Conservatives Hold Austria, Seek Partners

(CN) — Sebastian Kurz, Austria’s young conservative leader whose first government was brought down by a video scandal involving his far-right coalition partners, easily won a parliamentary vote on Sunday, and now faces a politically risky decision over whom to choose to form a new government.

Former Austrian chancellor and top candidate of the Austrian People’s Party, OEVP, Sebastian Kurz waves to his supporters in Vienna, Austria, on Sunday. (AP Photo/Matthias Schrader)

The tricky part comes next: Kurz will have to decide whether to turn to the left to form a new government, or take his chances again with the far-right Freedom Party.

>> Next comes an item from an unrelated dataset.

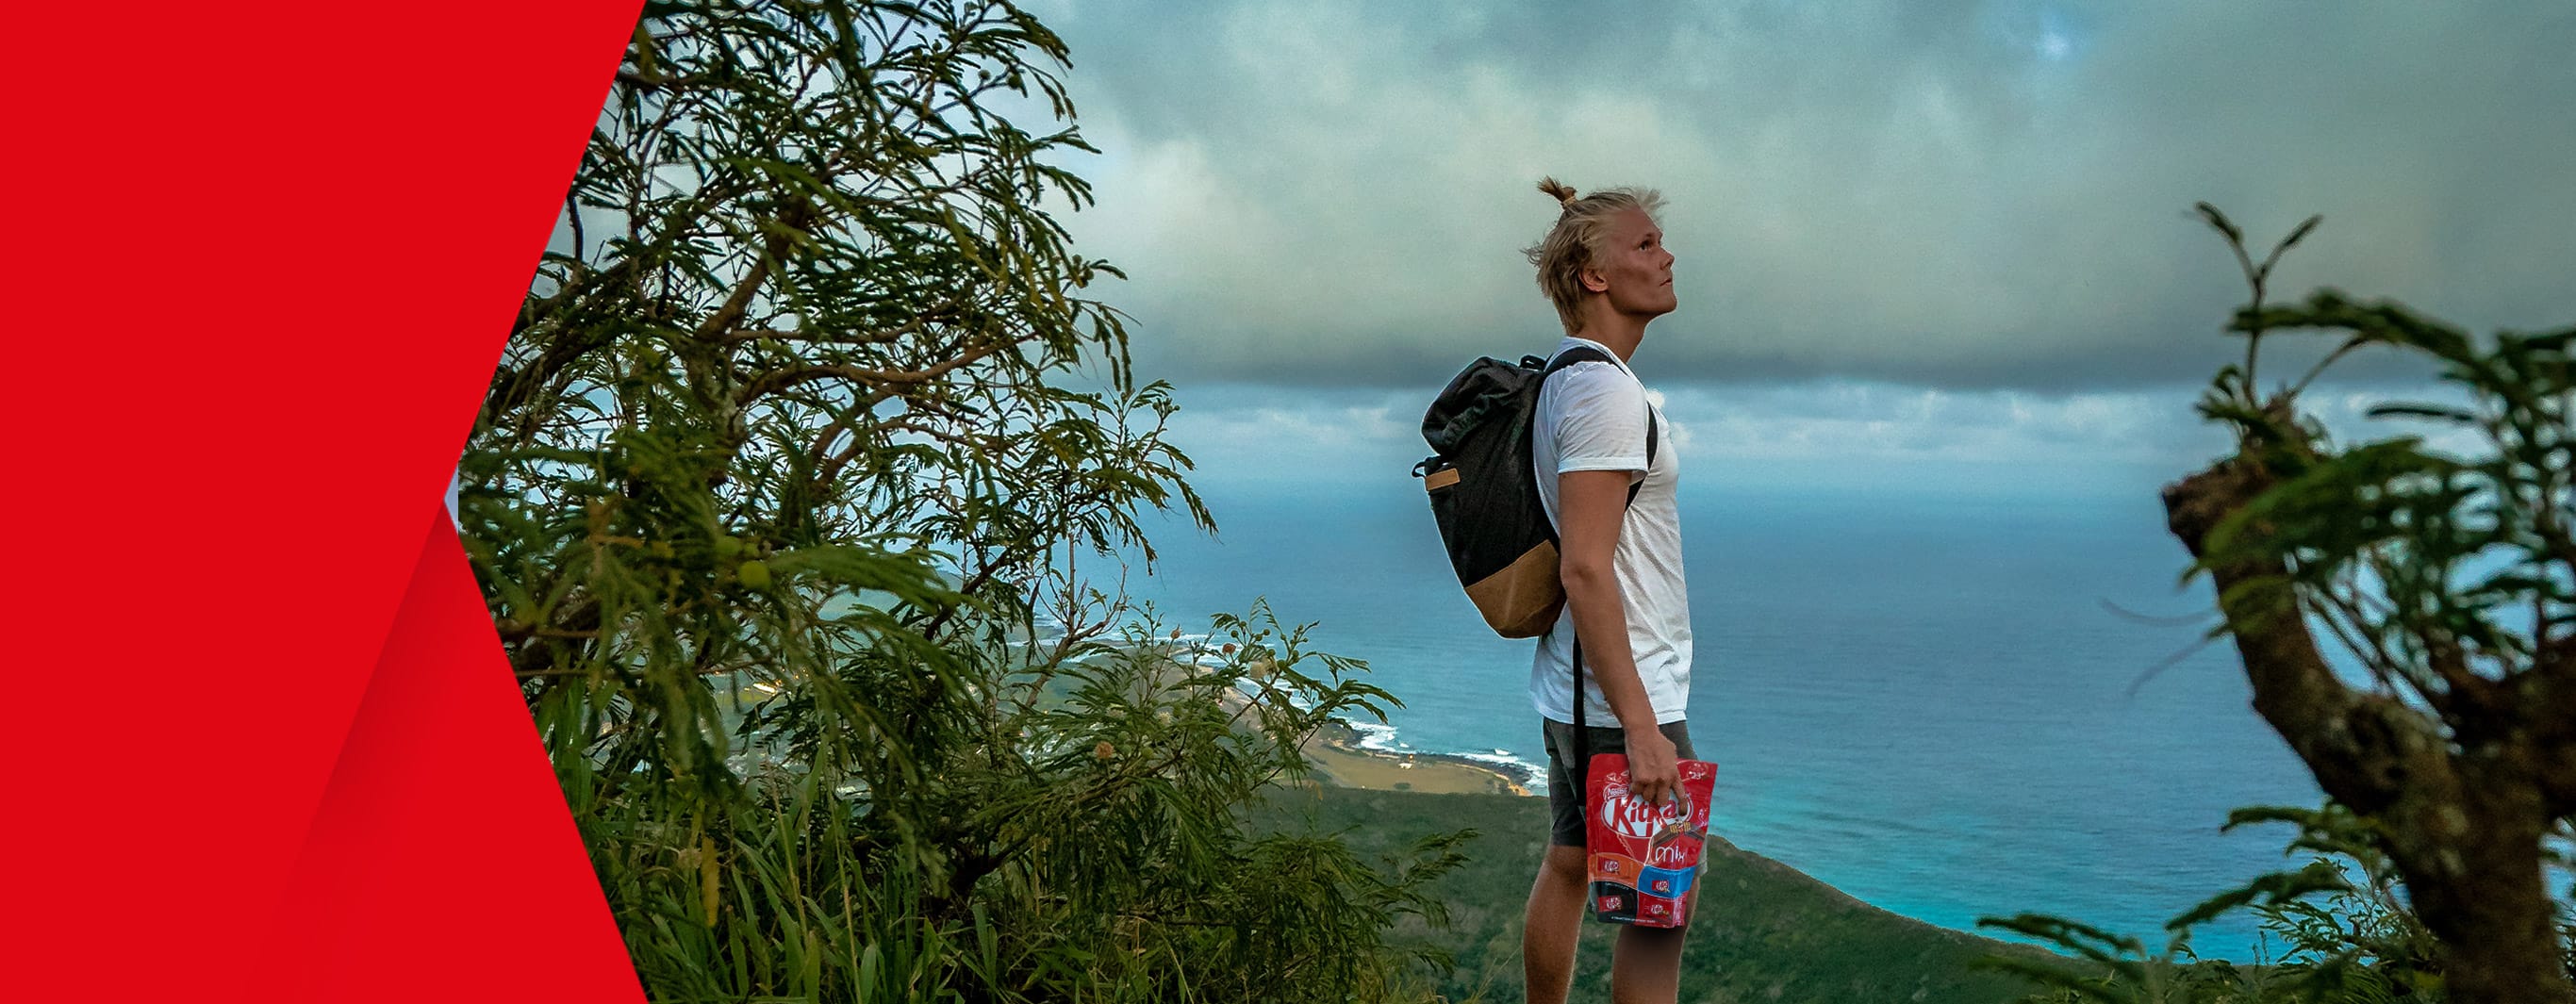 A man holding a bag of KitKat chocolates and surrounded by bushes stands at the edge of high vantage point, overlooking a wide vista of the sea and tropical shoreline in the below

Kurz formed a coalition government with the Freedom Party in late 2017. That government took a low tax, pro-business, nationalist and anti-immigration stance.

His decision to bring a far-right party into government was viewed with skepticism. The coalition fell apart after the Freedom Party’s leader, Heinz-Christian Strache, was caught on video attempting to trade government contracts for campaign support from a woman posing as the niece of a Russian oligarch.

On Sunday, Austrian voters gave Kurz their blessing while punishing the Freedom Party. Kurz and his center-right People’s Party won 37% of the vote, a better-than-expected result. The Freedom Party’s vote tally dropped by about 10 percentage points to 16%.

The next biggest group in the new parliament is the center-left Social Democrats, who picked up 22% of the vote. But that was their worst result since World War II and reflects a trend across Europe where Social Democratic parties have suffered losses in recent elections as voters turned against establishment parties.

On the left, it was the Greens who were the big winners. They picked up about 14% of the vote, an increase of about 10 points over the previous elections in 2017. Rising concern over climate change among Austrian voters drove support for the Greens.

Kurz has not said who he would prefer to govern with.

The Freedom Party’s new leader, Norbert Hofer, said he believes it’s best to be in opposition while the party rebuilds after the scandal.

“A party needs to learn from the mistakes of the past and rebuild itself,” he said, according to Deutsche Welle, a German news broadcaster.

The leader of the Greens, Werner Kogler, told reporters that the People’s Party would need to “change radically” its position on climate change and poverty before he would consider entering a coalition with Kurz.

It is possible that Austria will return to an old formula: a coalition between the People’s Party and the Social Democrats. Since World War II, Austria has been governed by one of these two major parties, and they governed together for 44 years. Kurz broke off that arrangement in 2017.

(Courthouse News reporter Cain Burdeau is based in the European Union.)